Course Tutor: Dr Jennifer Neville

The following is the course textbook, the only book that you have to buy. You may already own it:

Marsden, Richard, ed., The Cambridge Old English Reader (Cambridge: Cambridge Unversity Press, 2004).

I suggest that you should also own the key works by Tolkien listed below, but, at the very least, please be sure to read (or re-read, in some cases!) the following over the summer:

  • Tolkien, The Hobbit
  • Tolkien, The Lord of the Rings
  • Tolkien, ‘Beowulf: The Monsters and the Critics’

This last item is a widely anthologised essay. You can find it, for example, in:

  • Proceedings of the British Academy, 22 (1936), 245-95
  • An Anthology of Beowulf Criticism (Notre Dame and London: University of Notre Dame Press, 1963), pp. 51-103
  • Modern Critical Interpretations: Beowulf, ed. by Harold Bloom (New York: Chelsea House, 1987), pp. 24-5
  • Michael D. C. Drout, ed., Beowulf and the Critics by J. R. R. Tolkien, Medieval and Renaissance Texts and Studies, 248 (Tempe, AZ, 2002)
  • and many other places

We will also be reading another of Tolkien’s essays (which includes a screenplay). This will be provided on a handout, but if you want to track it down in advance, here is the reference:

Tolkien, J. R. R., ‘The Homecoming of Beorhtnoth Beorhthelm’s Son’, Essays and Studies, n.s. 6 (1953), 1-18

Please read the following Old English texts in translation over the summer:  

  • Beowulf
  • The Wanderer
  • The Battle of Maldon
  • The Exeter Book Riddles
  • The Fight at Finnsburg (also known as The Battle of Finnsburh or The Finnsburh Fragment, spelled with either a ‘g’ or an ‘h’, not to be confused with the ‘Finnsburh Episode’, which is contained in Beowulf.  But if you do get confused, it wouldn’t hurt you to look at that, too!)

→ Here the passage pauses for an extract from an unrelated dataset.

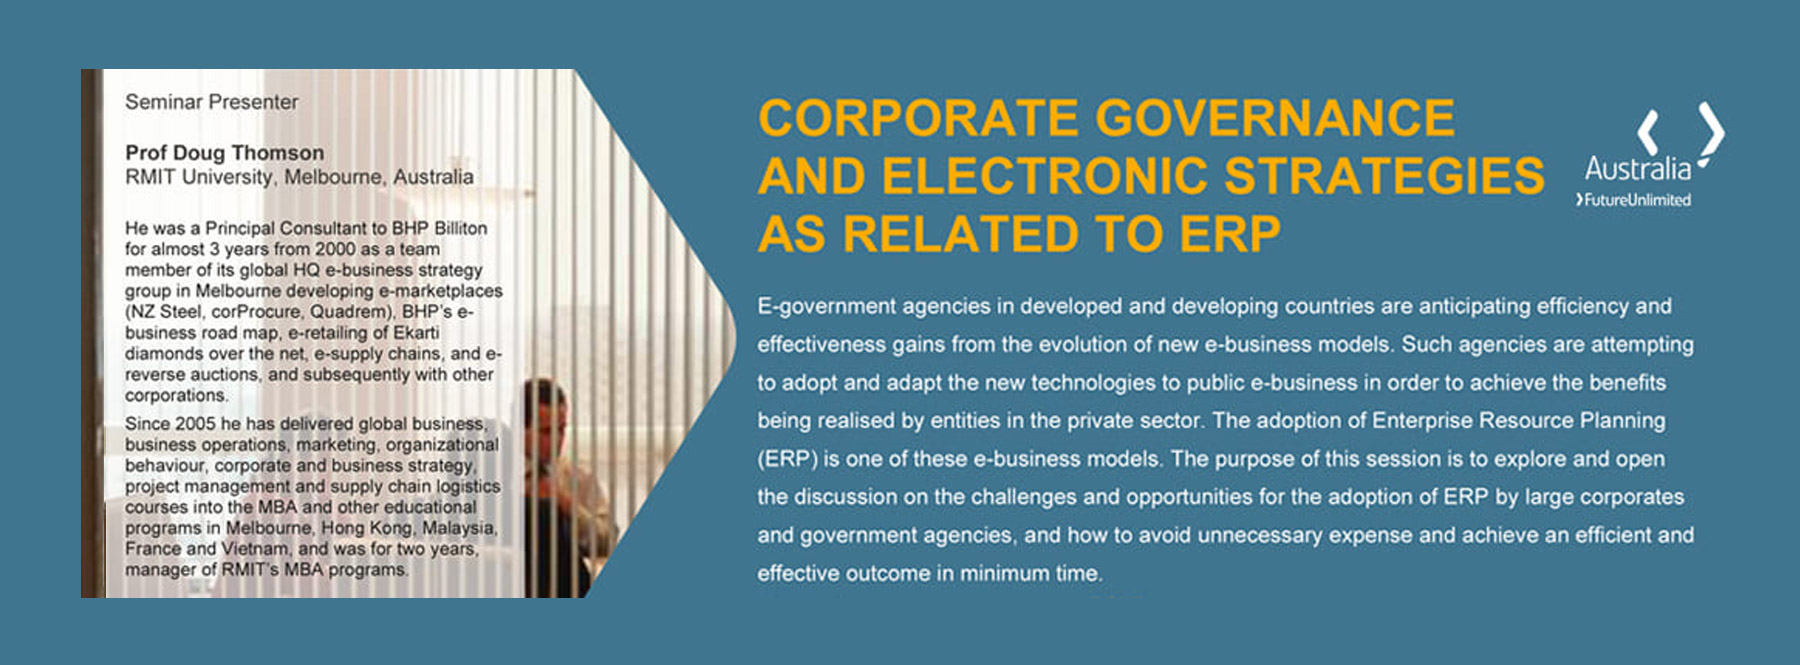 Corporate Governance and Electronic Strategies as related to ERP 2015
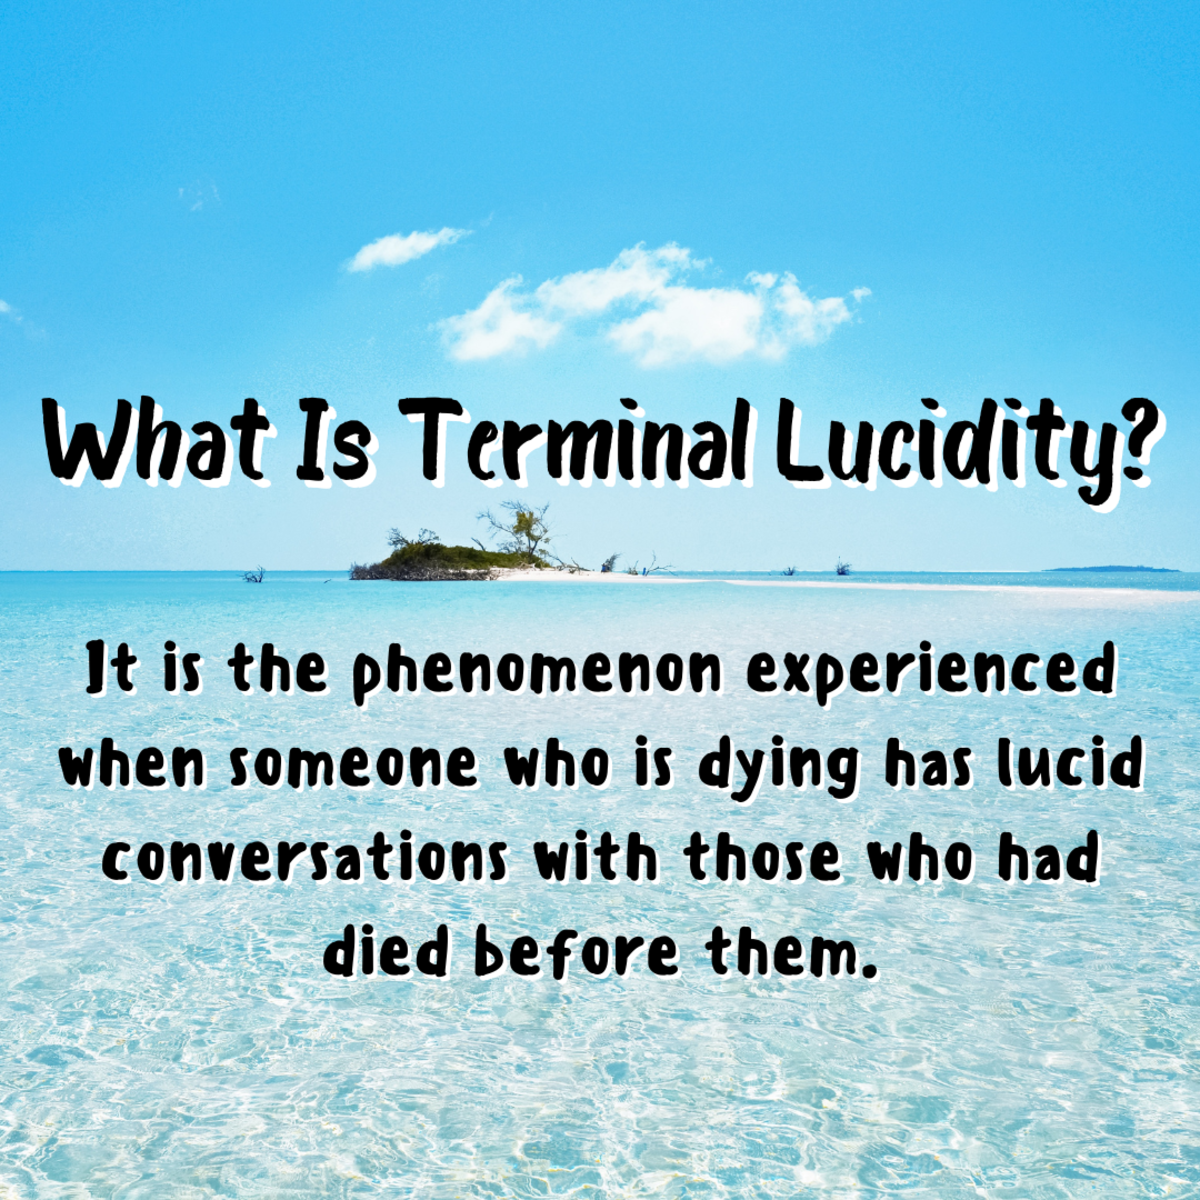 'Terminal lucidity' might point to life after death.

With the exception of the last, these are widely available in Old English anthologies, such as:

  • Kevin Crossley-Holland, trans., The Anglo-Saxon World (Woodbridge, Suffolk: Boydell, 1982)
  • S. A. J. Bradley, trans., Anglo-Saxon Poetry (London: J. M. Dent and Sons, 1982)
  • Hamer, Richard, ed. and trans., A Choice of Anglo-Saxon Verse (London: Faber, 1970)
  • Gordon, R. K., trans., Anglo-Saxon Poetry, rev. edn. (London: Dent, 1954)
  • and others

You may wish to buy one of these anthologies, as it can be very useful to read other Old English texts to give you more context for your interpretations.  Finnburh is often included with translations of Beowulf, but if you have trouble finding it, it is included in Lee & Solopova (see below), and Tolkien also published a translation (J. R. R. Tolkien, Finn and Hengest: The Fragment and the Episode, ed. by Alan Bliss (London: HarperCollins, 1998)).  You can also, of course, find many translations online.  Please check that what you are reading are not student translations, however: you want to rely on people who know more than you do!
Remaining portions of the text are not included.